# EXERCISE GOAL:
Within the entries below, please return exactly the lines from the one with "Turkish Angora Cat" through the one with "Dibujos para colorear", leaving out any pictures.

# MATERIAL PROVIDED:

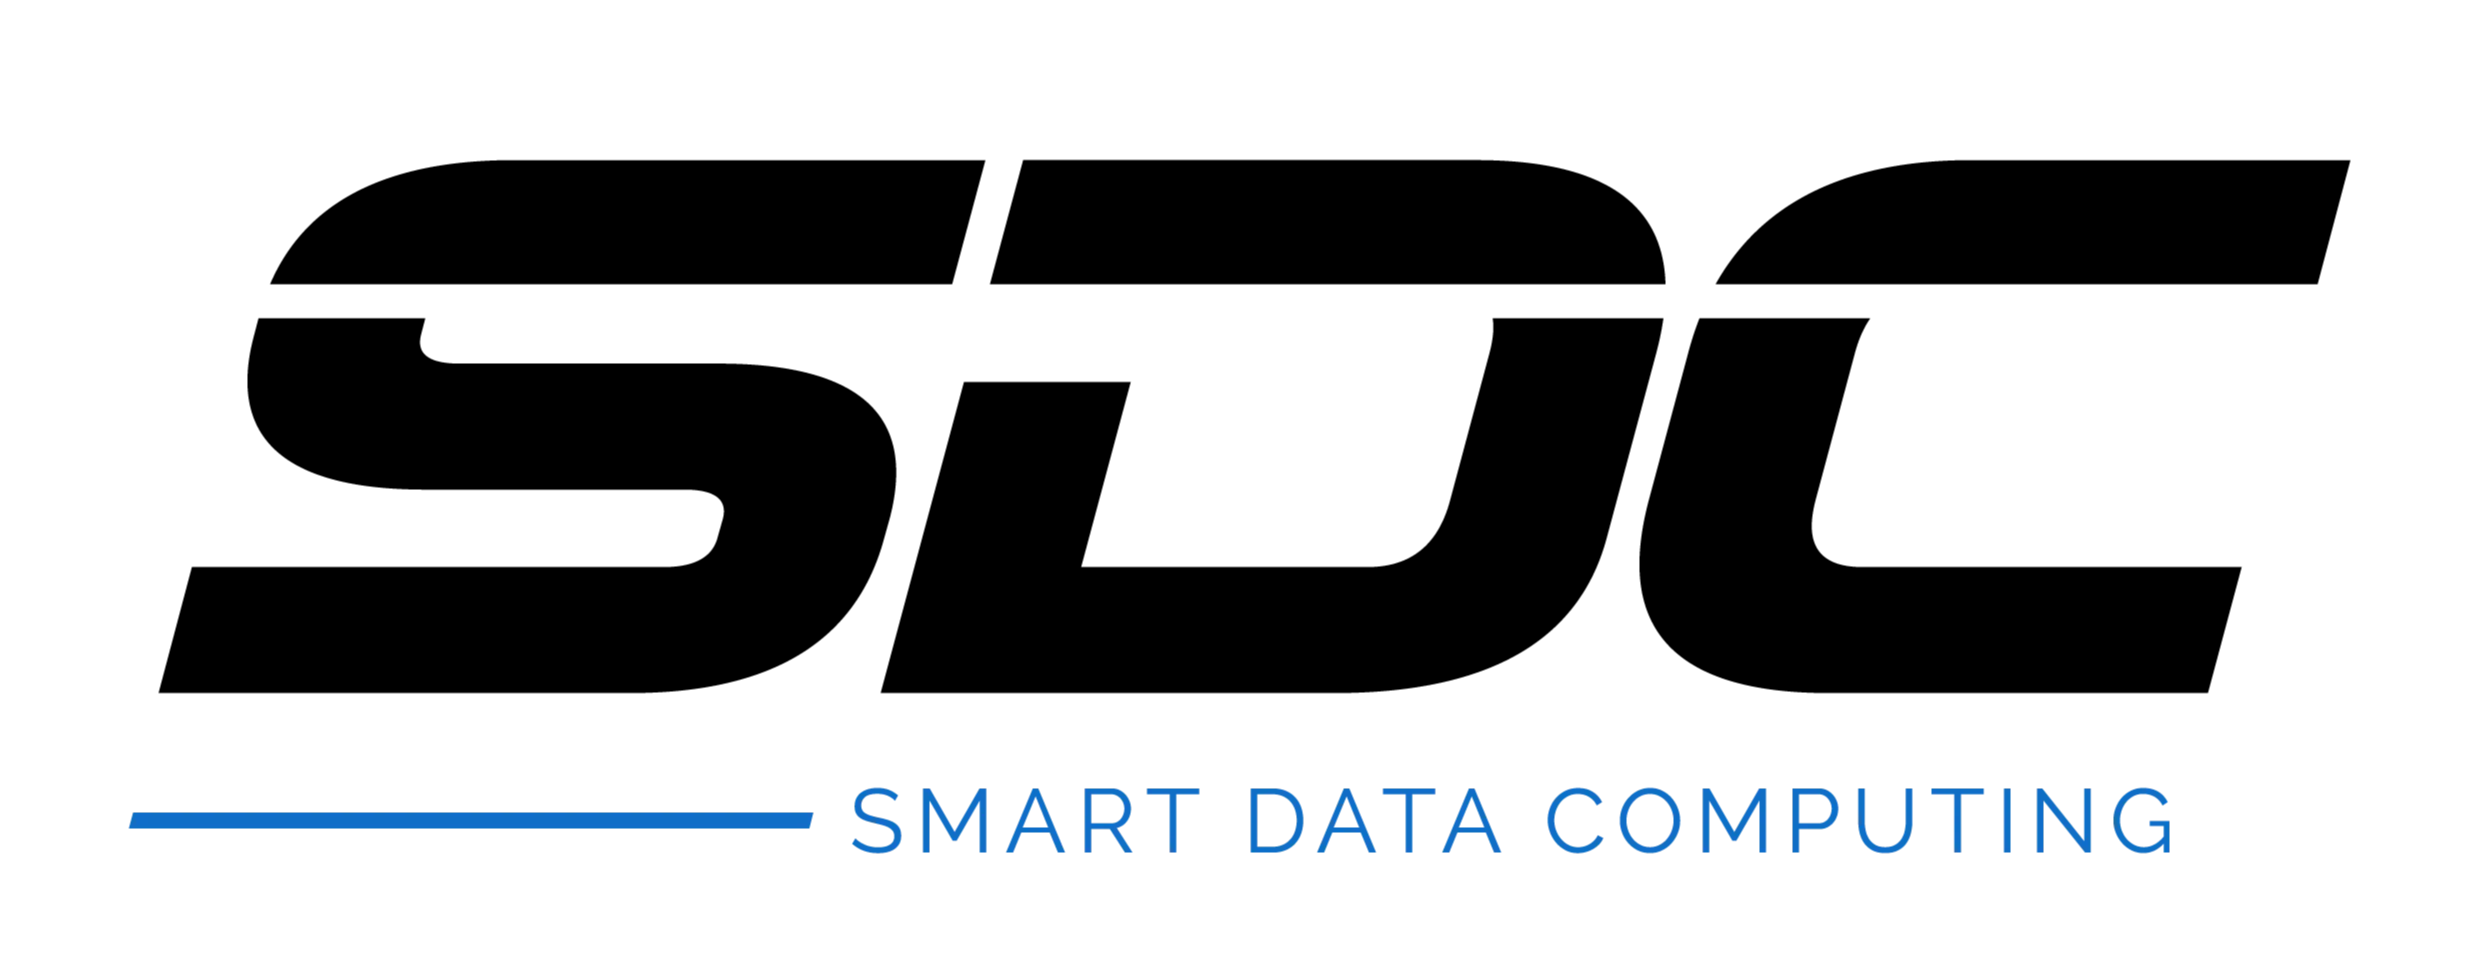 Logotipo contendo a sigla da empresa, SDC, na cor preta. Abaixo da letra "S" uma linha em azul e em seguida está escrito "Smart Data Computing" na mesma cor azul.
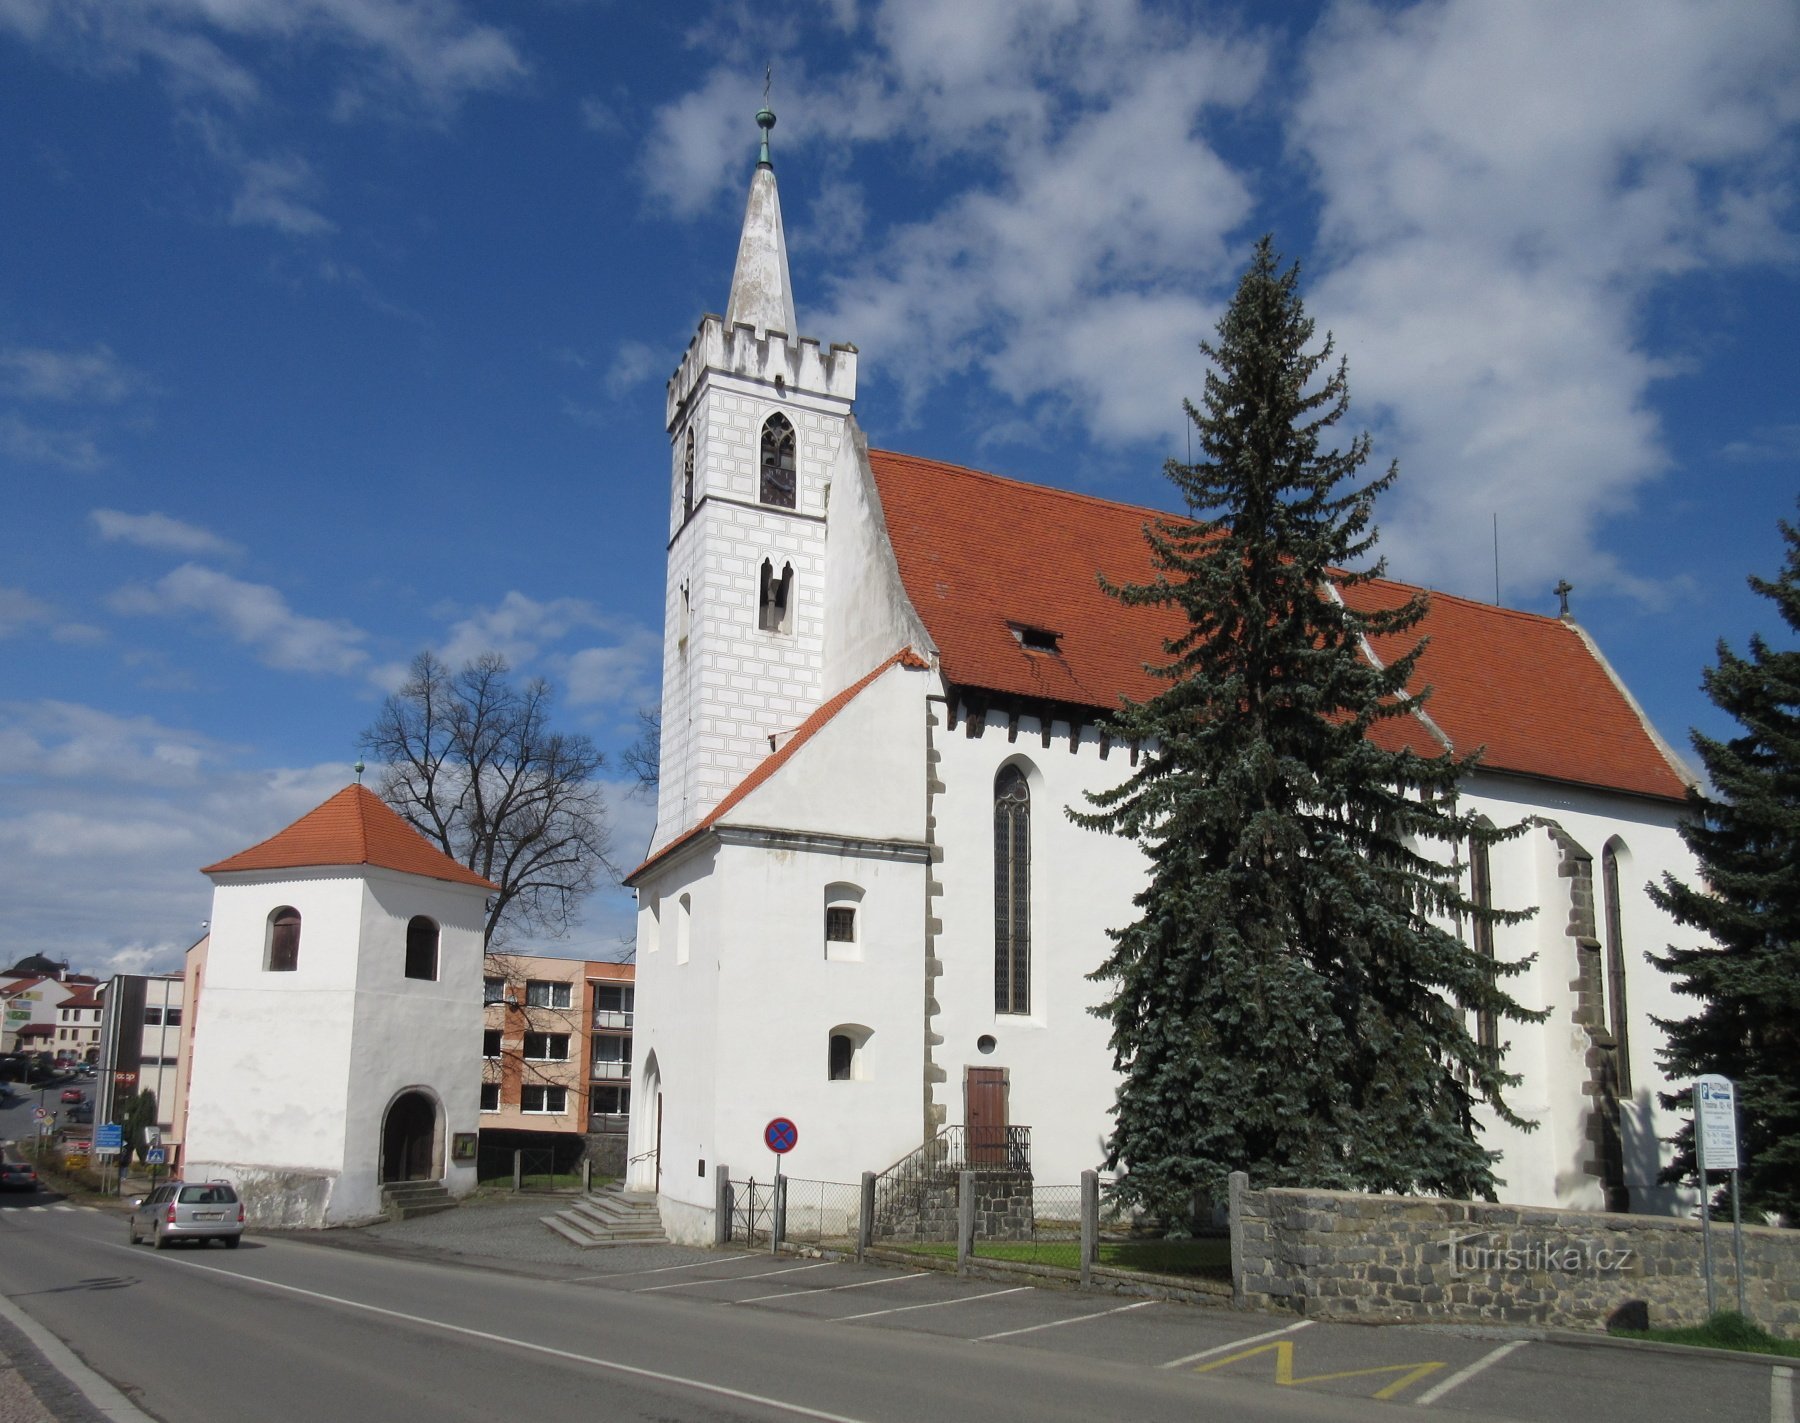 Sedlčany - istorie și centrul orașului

...

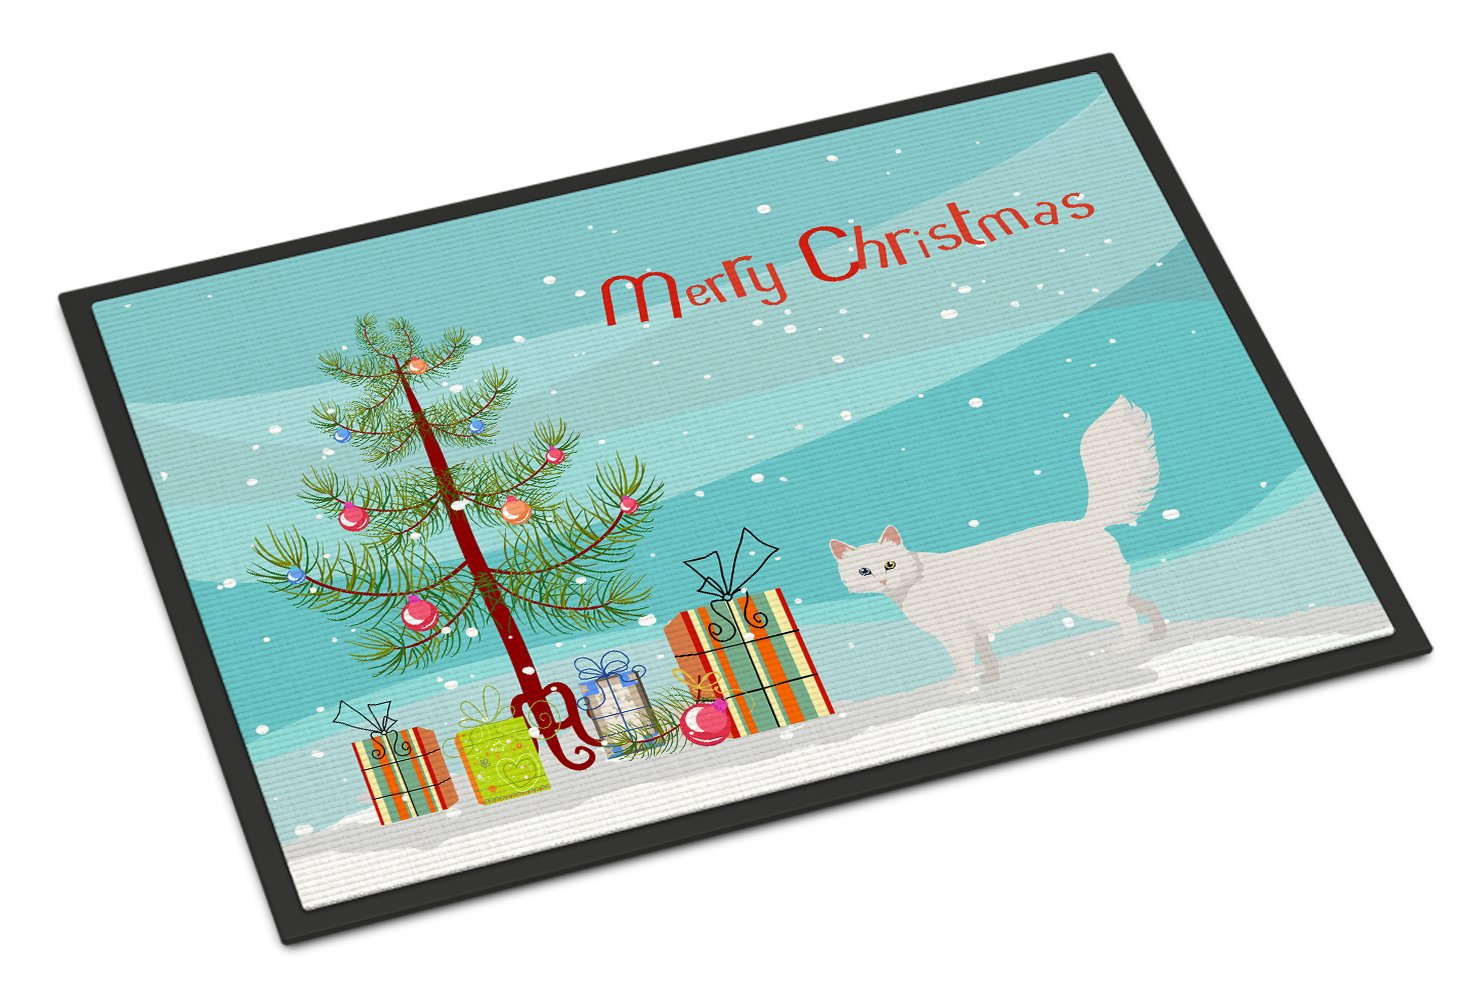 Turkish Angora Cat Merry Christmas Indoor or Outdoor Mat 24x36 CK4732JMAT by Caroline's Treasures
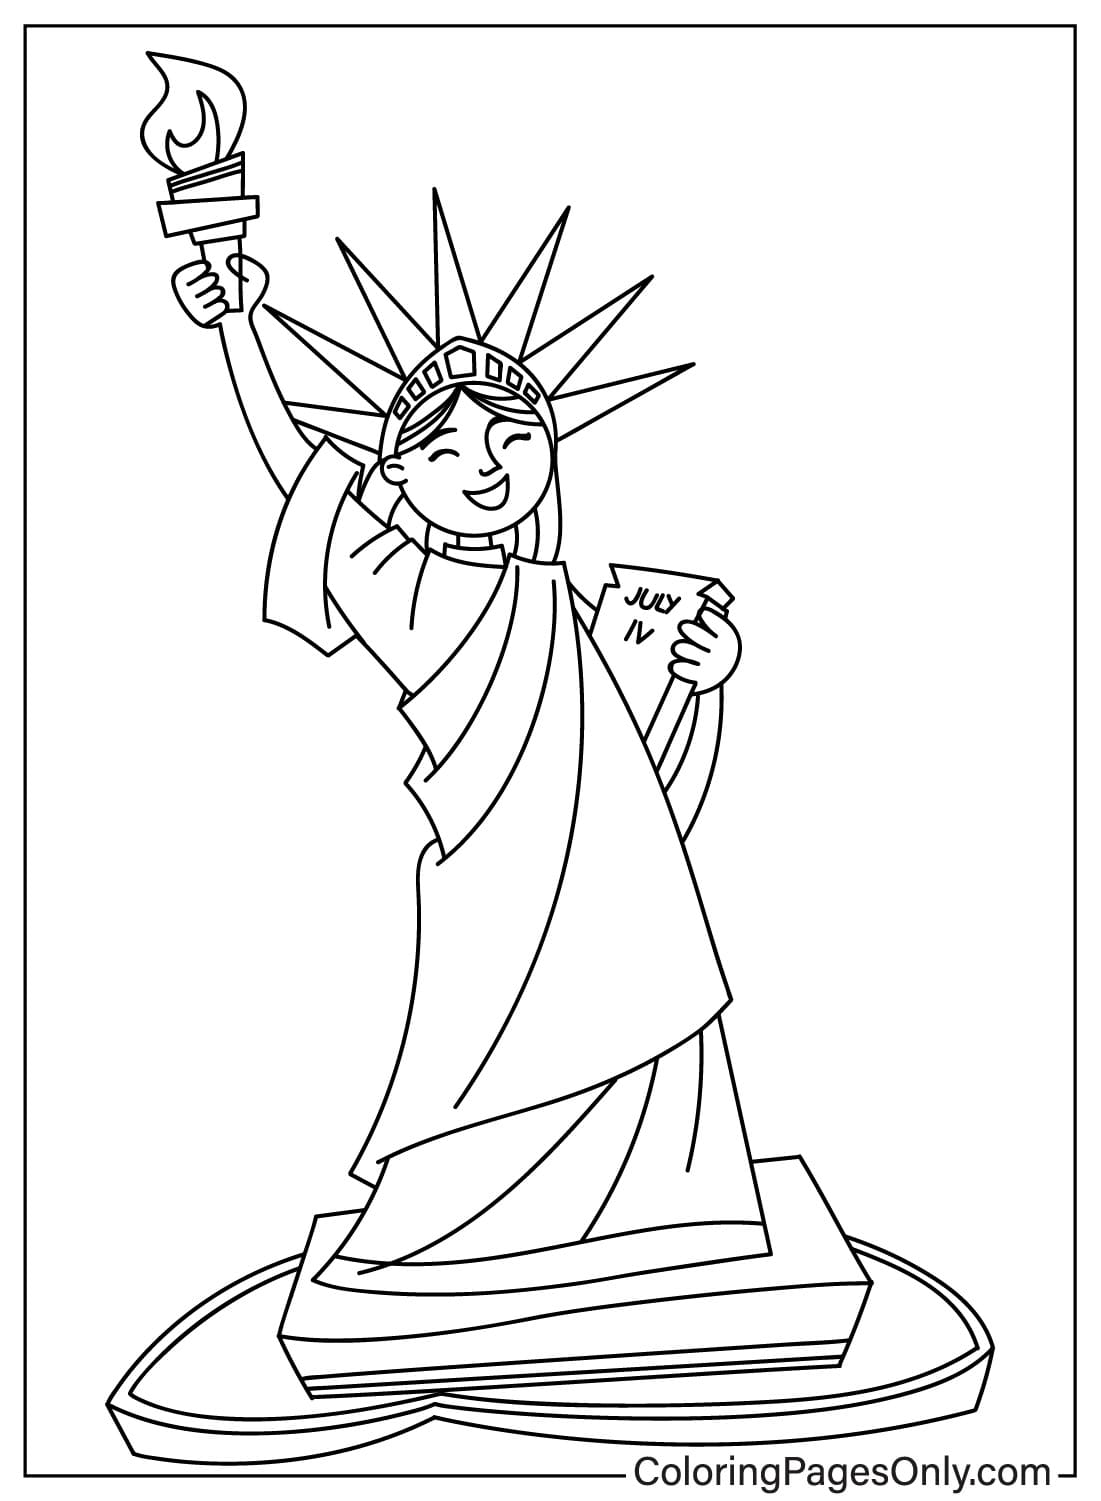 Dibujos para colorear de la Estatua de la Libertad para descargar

# RESPONSE TO THE TASK:
 Turkish Angora Cat Merry Christmas Indoor or Outdoor Mat 24x36 CK4732JMAT by Caroline's Treasures
 Dibujos para colorear de la Estatua de la Libertad para descargar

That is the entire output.